● **Problem details**: Your copy should start at the line with "6cc98be38a4c8 Louis Vuitton" and end at the line with "EVFTA: Des droits" in the data below. Transcribe only those lines, exactly, pictures excluded.

Data provided below:

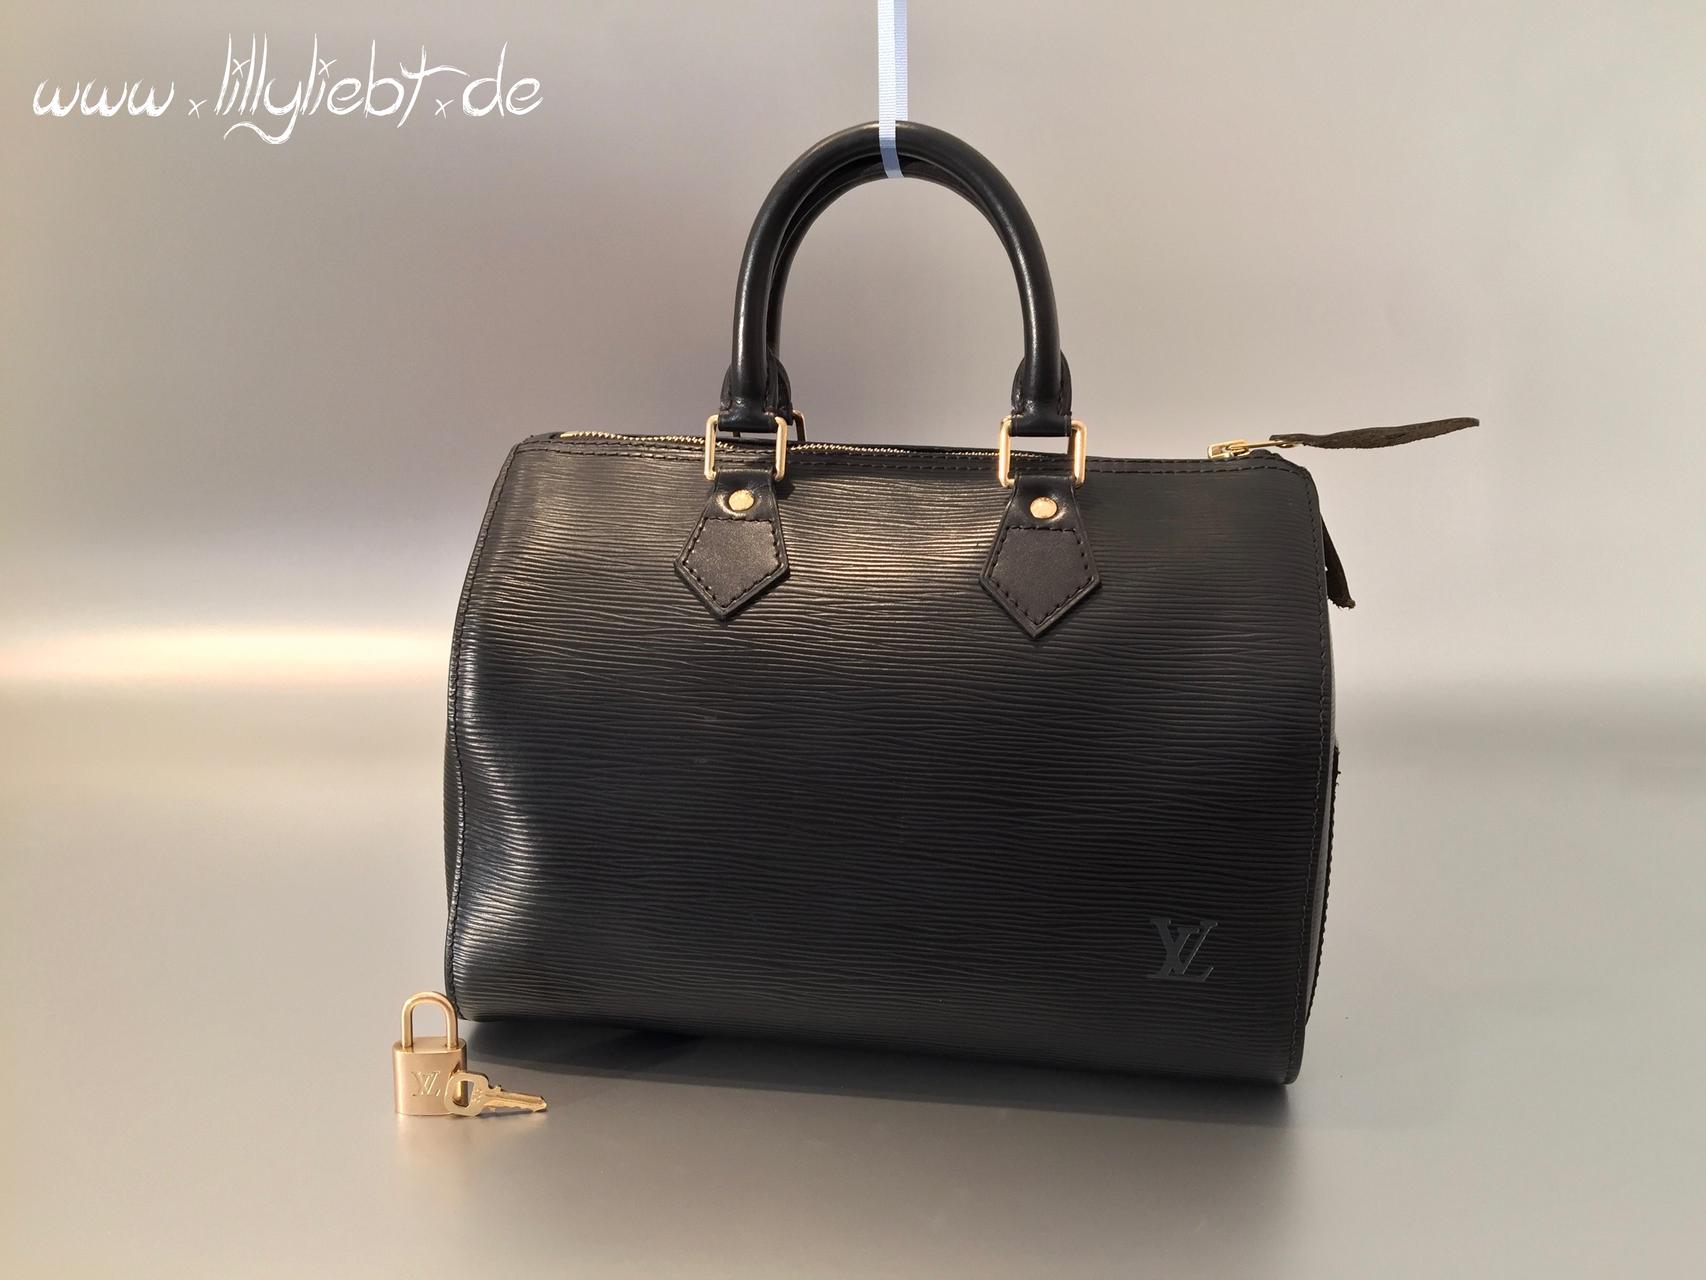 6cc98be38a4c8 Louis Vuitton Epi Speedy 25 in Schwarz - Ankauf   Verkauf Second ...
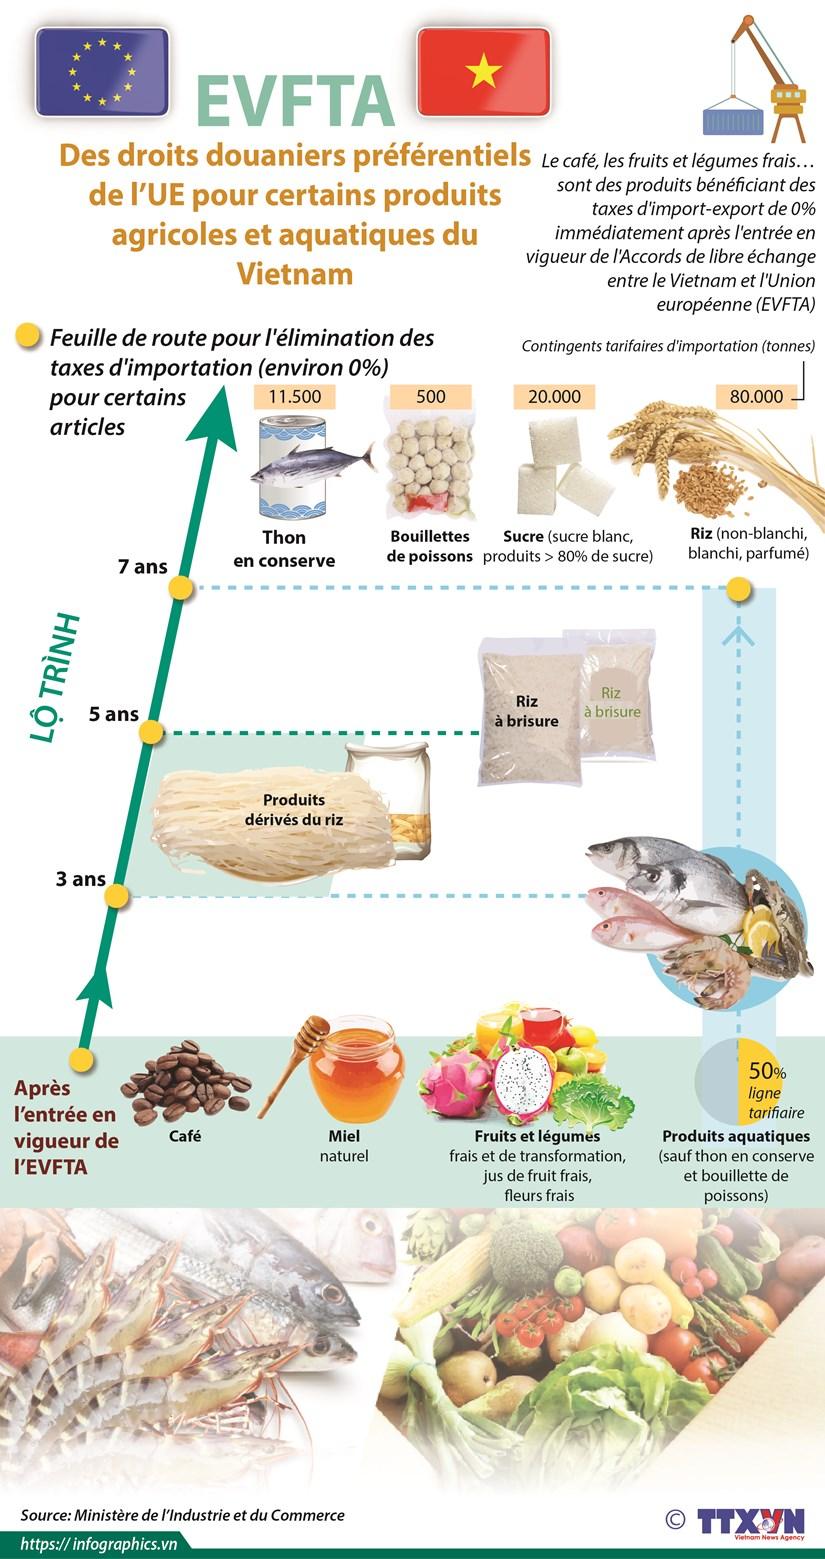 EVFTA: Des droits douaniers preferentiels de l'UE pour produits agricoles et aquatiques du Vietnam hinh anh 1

End of Data provided.
Data provided below:

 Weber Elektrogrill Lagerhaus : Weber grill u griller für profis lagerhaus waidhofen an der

End of Data provided.
Data provided below:

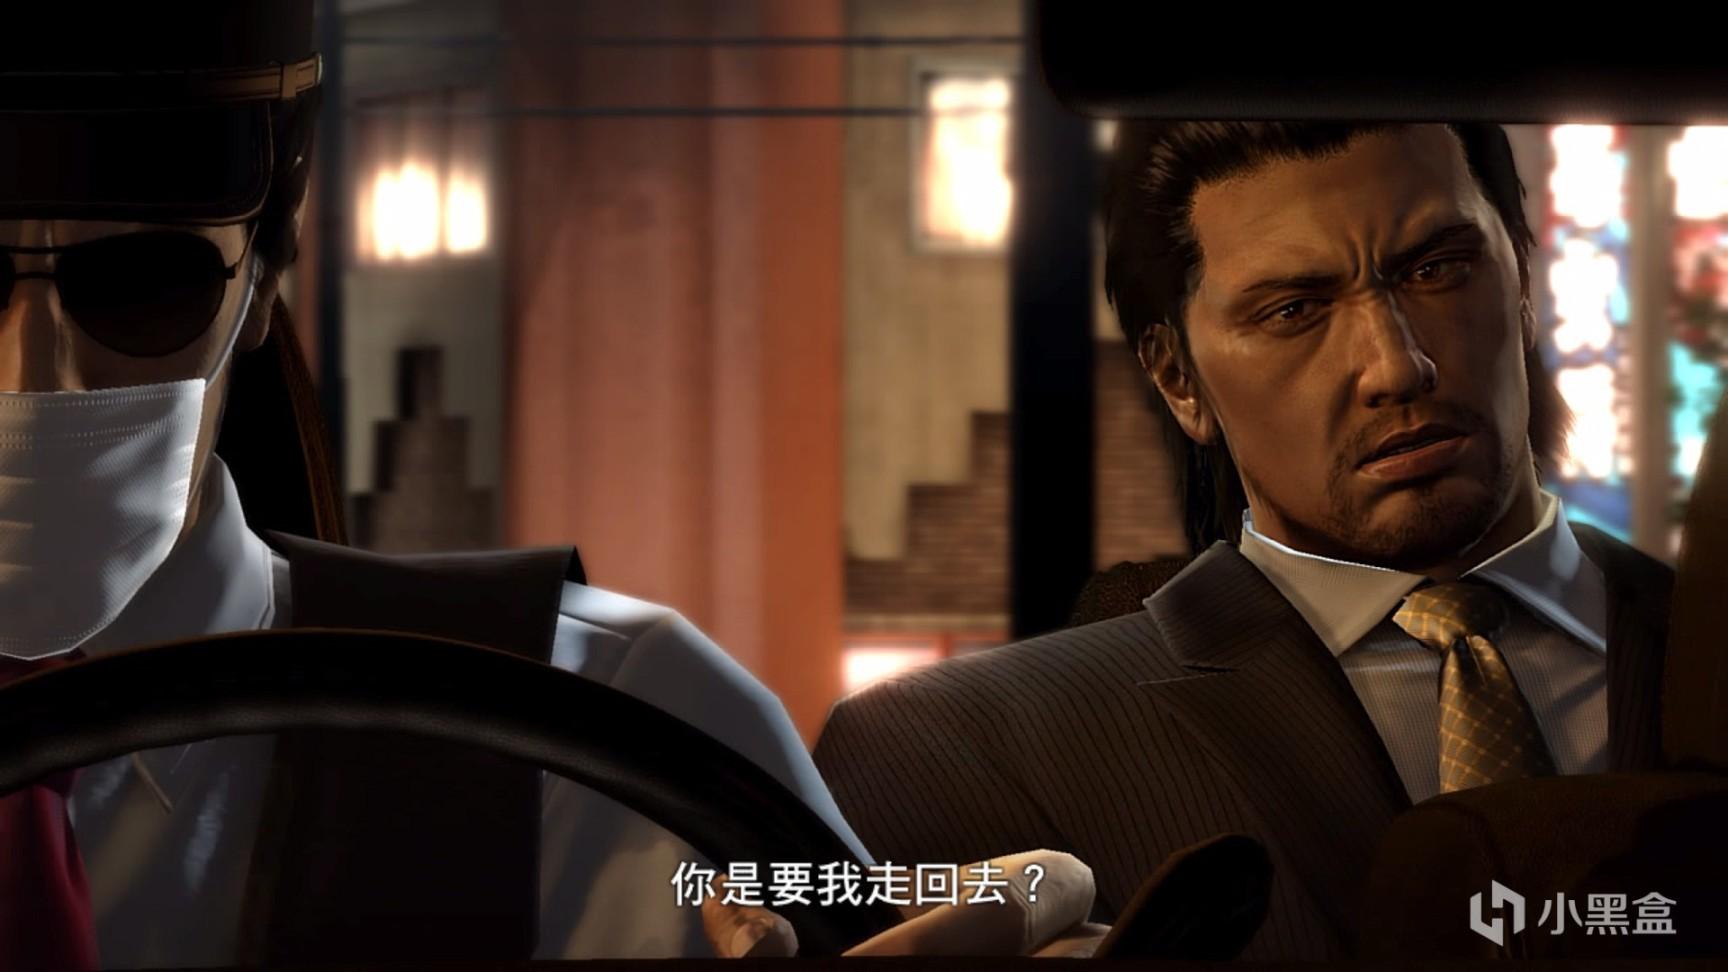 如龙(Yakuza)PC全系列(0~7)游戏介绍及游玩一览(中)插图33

End of Data provided.

● **Answer to the problem**:
 6cc98be38a4c8 Louis Vuitton Epi Speedy 25 in Schwarz - Ankauf   Verkauf Second ...
 EVFTA: Des droits douaniers preferentiels de l'UE pour produits agricoles et aquatiques du Vietnam hinh anh 1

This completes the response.